For a lot of runners, the off-season can be a challenging time. You’ve finished your races, the next training cycle won't start for another 4-6 weeks, and you might feel like you’re in limbo until …
230. What to Do in the Off-Season
Podcast Transcript
My name is Patrick McGilvray, and I’m an experienced marathoner, ultra runner, Sports Nutritionist, Master Life Coach, and weight loss coach for runners. I’ve dedicated my life to helping runners just like you properly fuel your body and your mind. So you can get leaner, get stronger, run faster, and run longer than you ever thought possible. This is Running Lean.
Hey there, and welcome to episode 230 of Running Lean. My name is Patrick McGilvray, The Weight Loss Coach for Runners and today, what to do in the offseason. So for a lot of runners, the offseason can be sort of a challenging time.
So you finished your races and the next training cycle won’t start for another 4, 6, or 8 weeks, something like that. And you might feel like you’re kind of in limbo until then. Well, here’s the thing, the way you approach the offseason is just as important as the training season itself.
It’s so important that what you do in the offseason can often make or break your next race. So today, what to do in the offseason as a runner to ensure that you start your next training cycle on the right track.
And listen, if you’ve been thinking about improving your health, your fitness, getting stronger, improving your running, losing some weight, and you want some guidance and support to help you get there consider coaching.
The fact is coaching works where a lot of other methods fail, because it’s not about a particular diet, or some exercise routine. It’s about understanding what works for you, as an individual, you are an individual. And I’m here to treat you like an individual, I’m going to meet you where you are, and give you a plan that works for you, okay.

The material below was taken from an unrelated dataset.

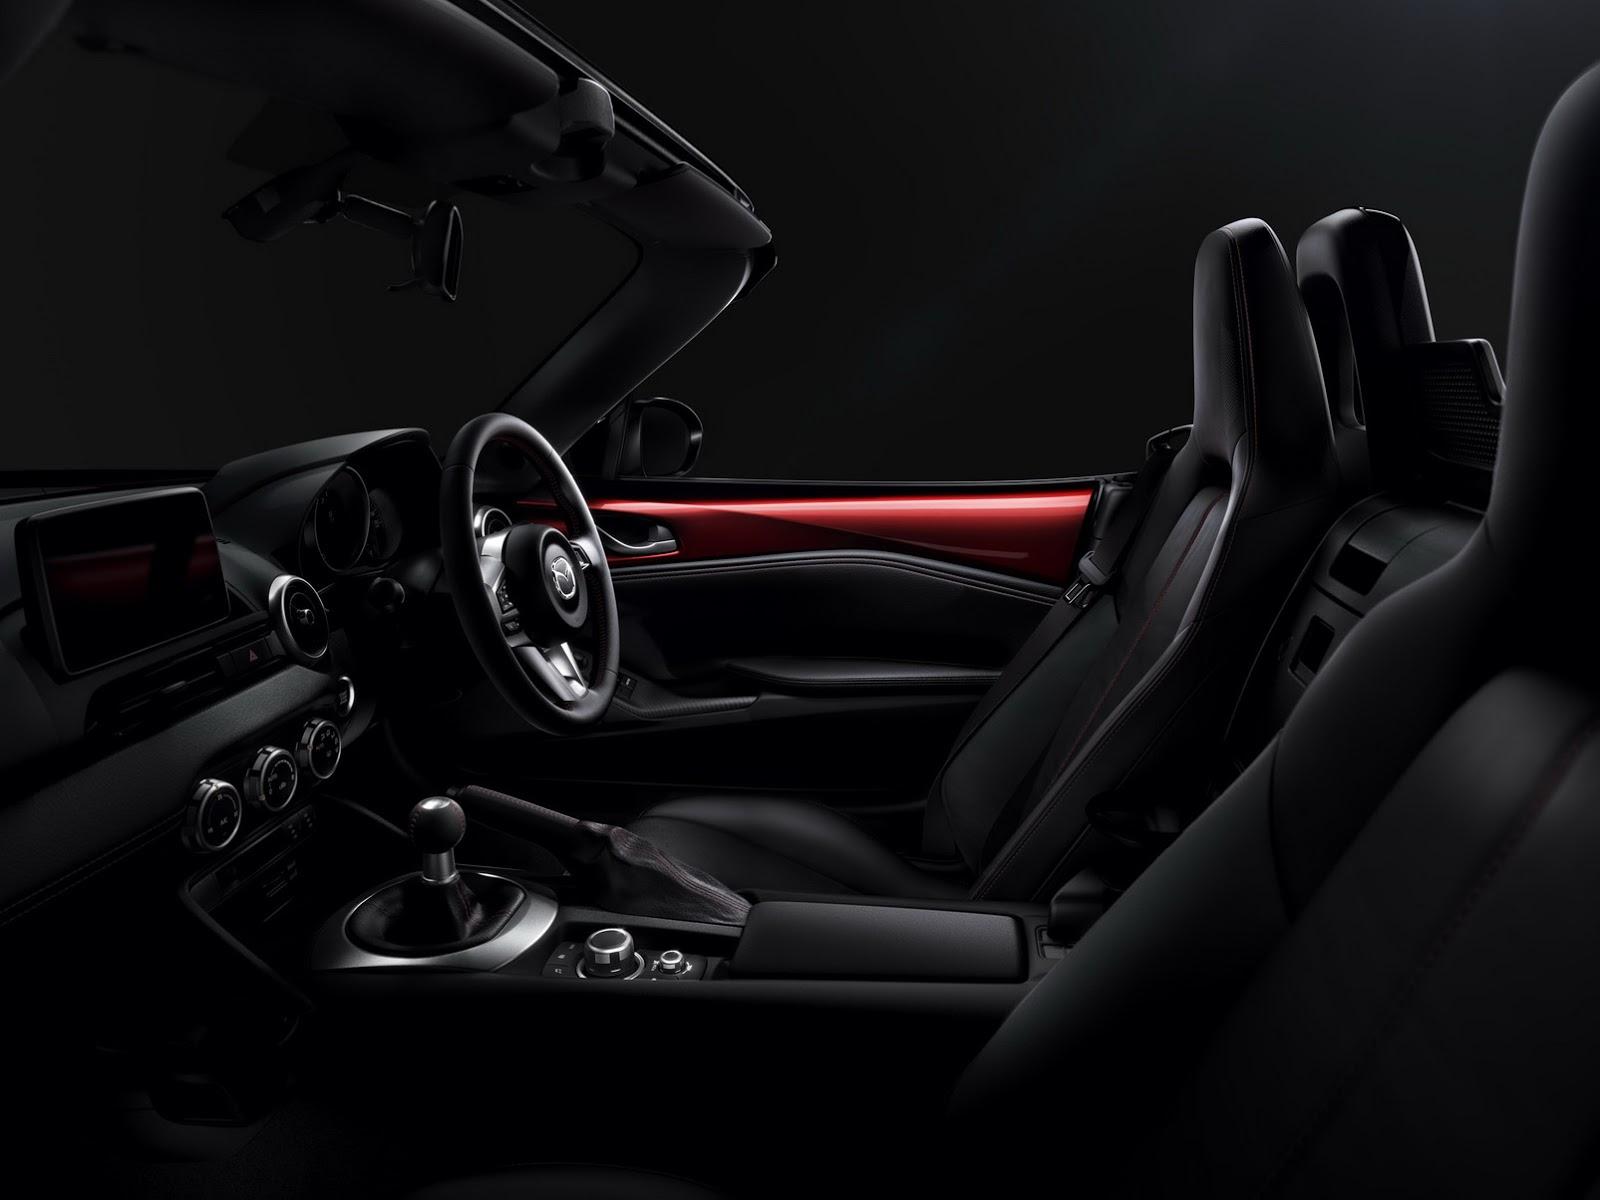 2015-Mazda-MX-5-10.jpg

You have to learn how to do this stuff on your own. My job is to help you get there. I always tell my coaching clients that I want you to not need me at some point, you have to be able to do this on your own. So what good is making all these changes, like losing weight and changing your diet, if it isn’t sustainable for you, it has to be sustainable for you. It has to be easy, it has to be effortless. If it is then you will stick with it.

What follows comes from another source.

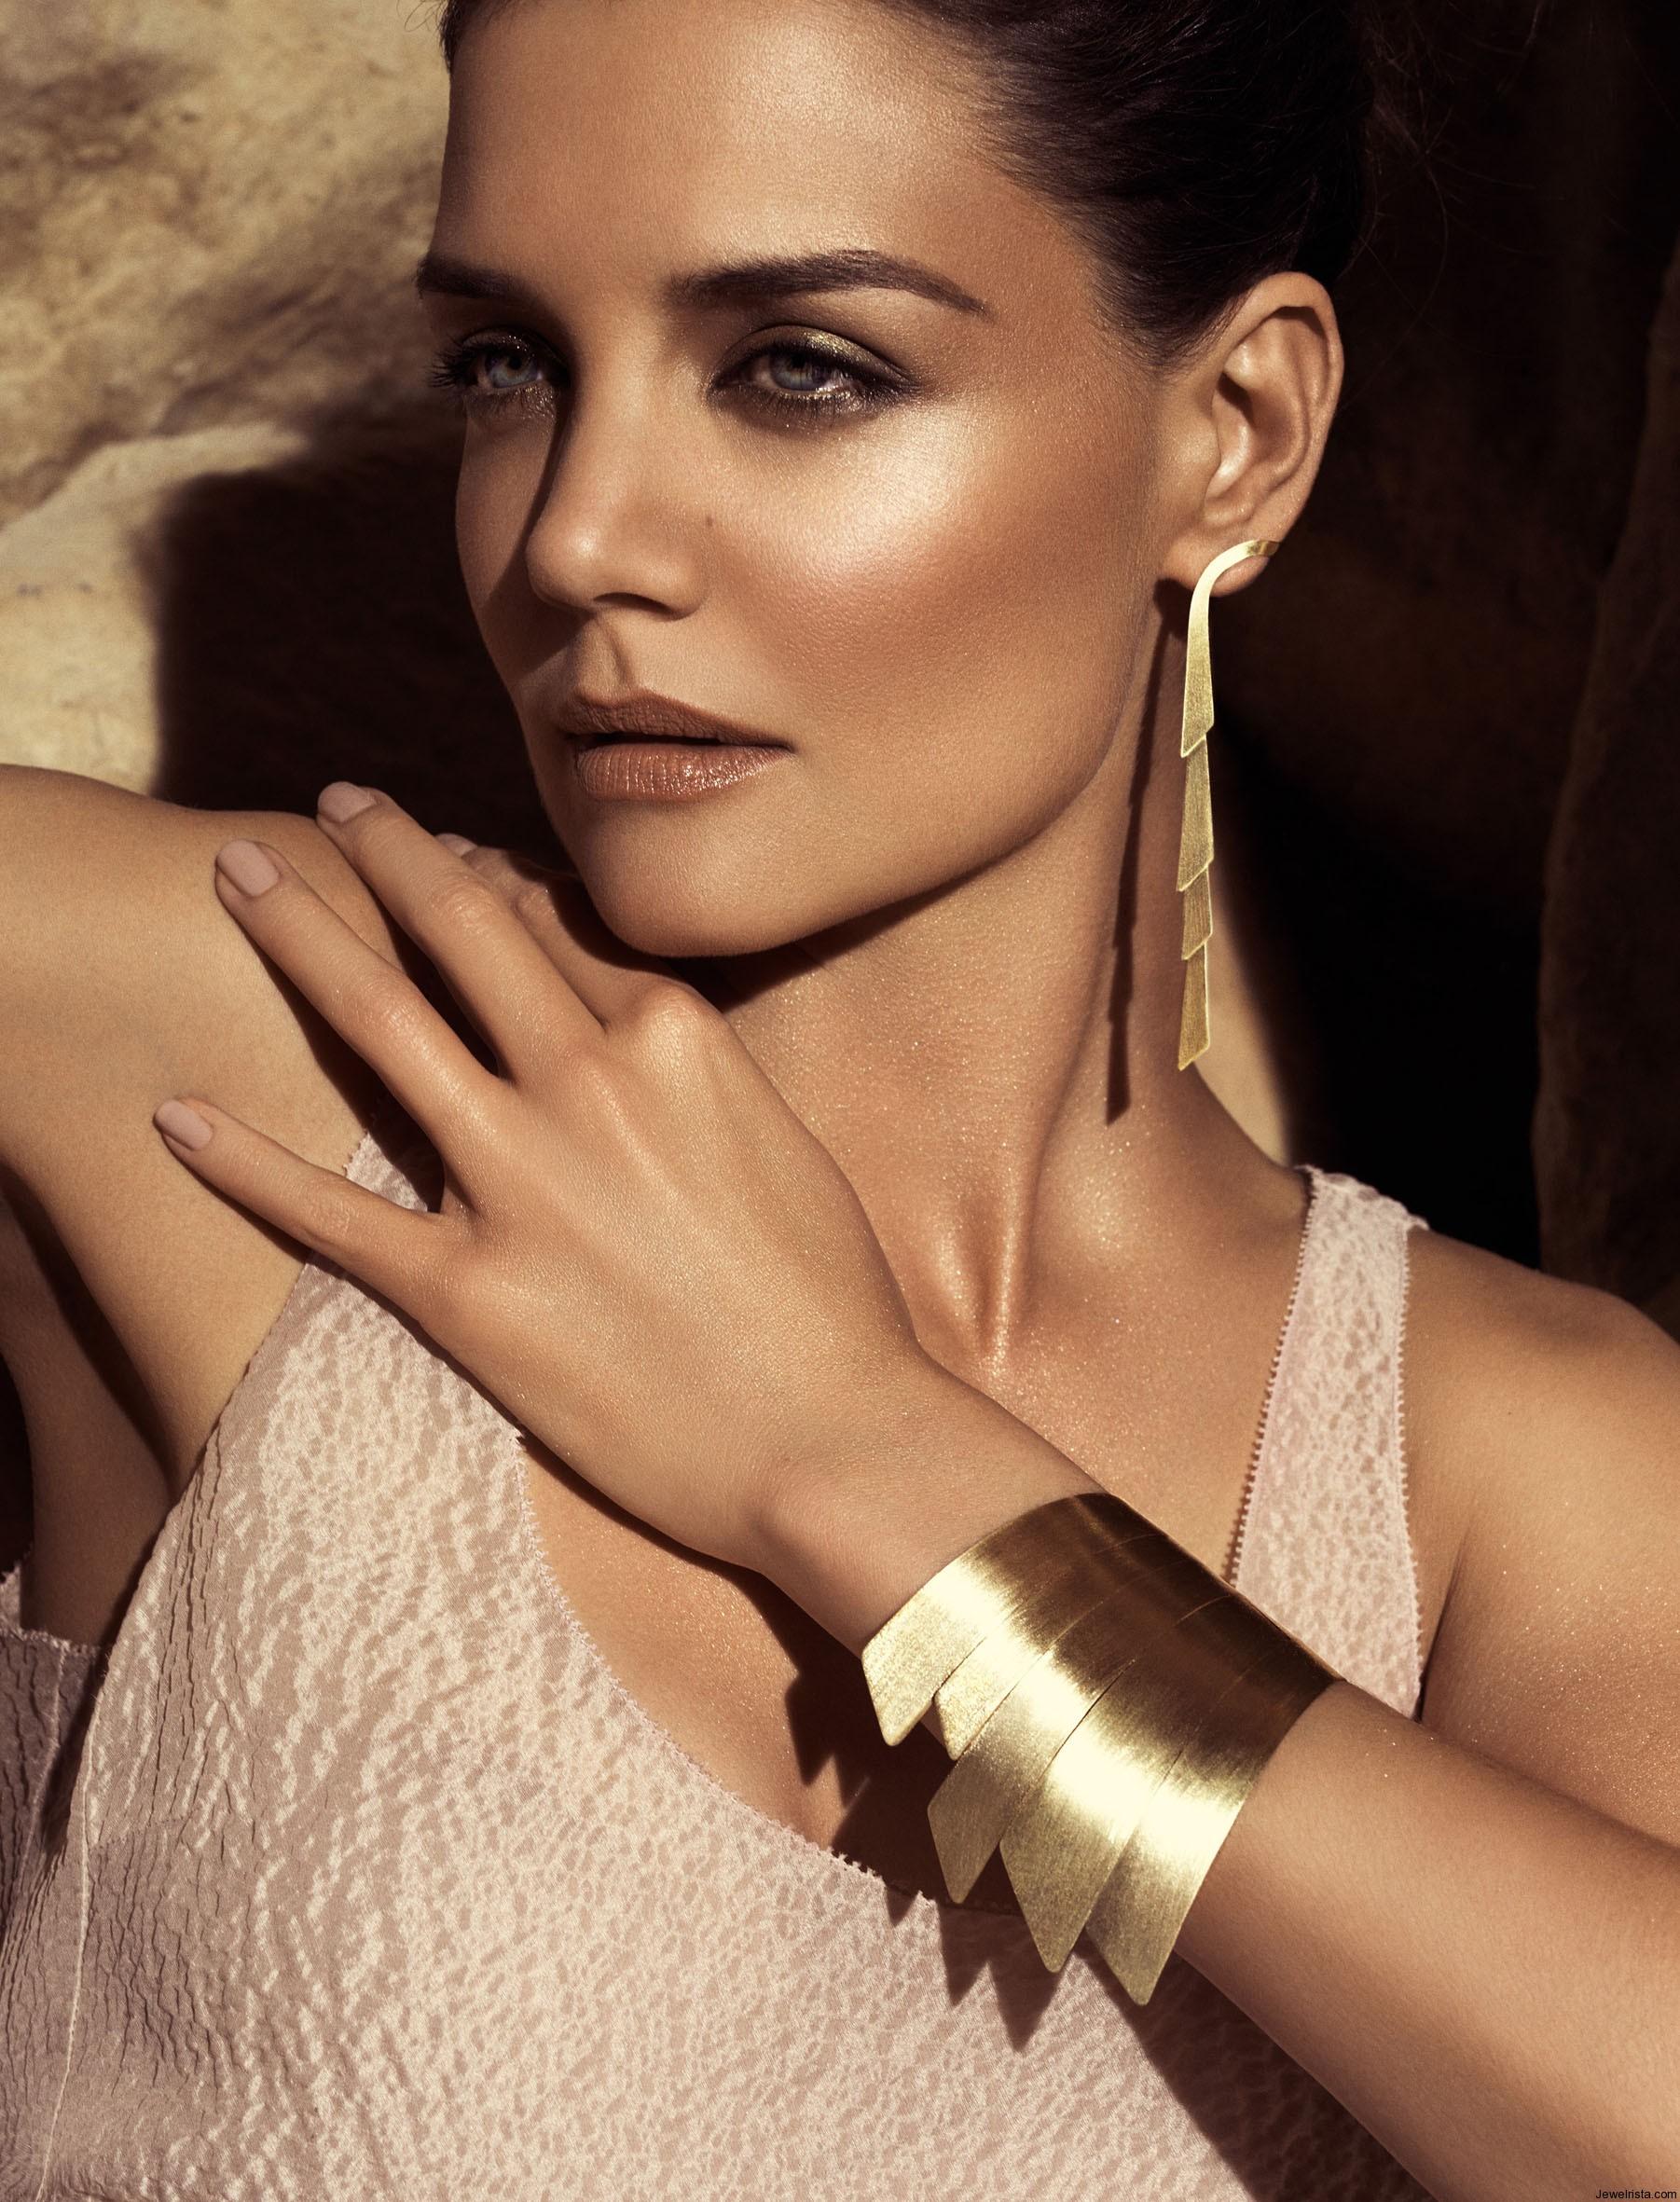 Katie Holmes As Jewelry Model Joseph Schubach Jewelers

Okay, my job is to help you get there help you get to that place where you can stick with it. And you can do it on your own. So if you want to hit the easy button on your weight loss and your running goals, let’s work together we can get you there, just go to my website runningleancoaching.com and click on work with me. And I’ll show you exactly how to become the most badass version of yourself yet. Cool.
Okay, let’s talk about what to do in the offseason. So a lot of runners experience a little bit of a downturn in their fitness when it comes to the offseason, which is okay, it’s okay to have a little bit of a break. In fact, we want to take a break in the offseason, this is actually a good thing.
Racing season puts a lot of stress on your body, it also puts a lot of mental and emotional stress on you. So you need to take some time, a couple times a year to rest, to recharge, to repair, to recover, to refocus your energy. So the the main areas of focus that we’re going to be talking about today are going to be areas of running strength, nutrition, and then cross-training.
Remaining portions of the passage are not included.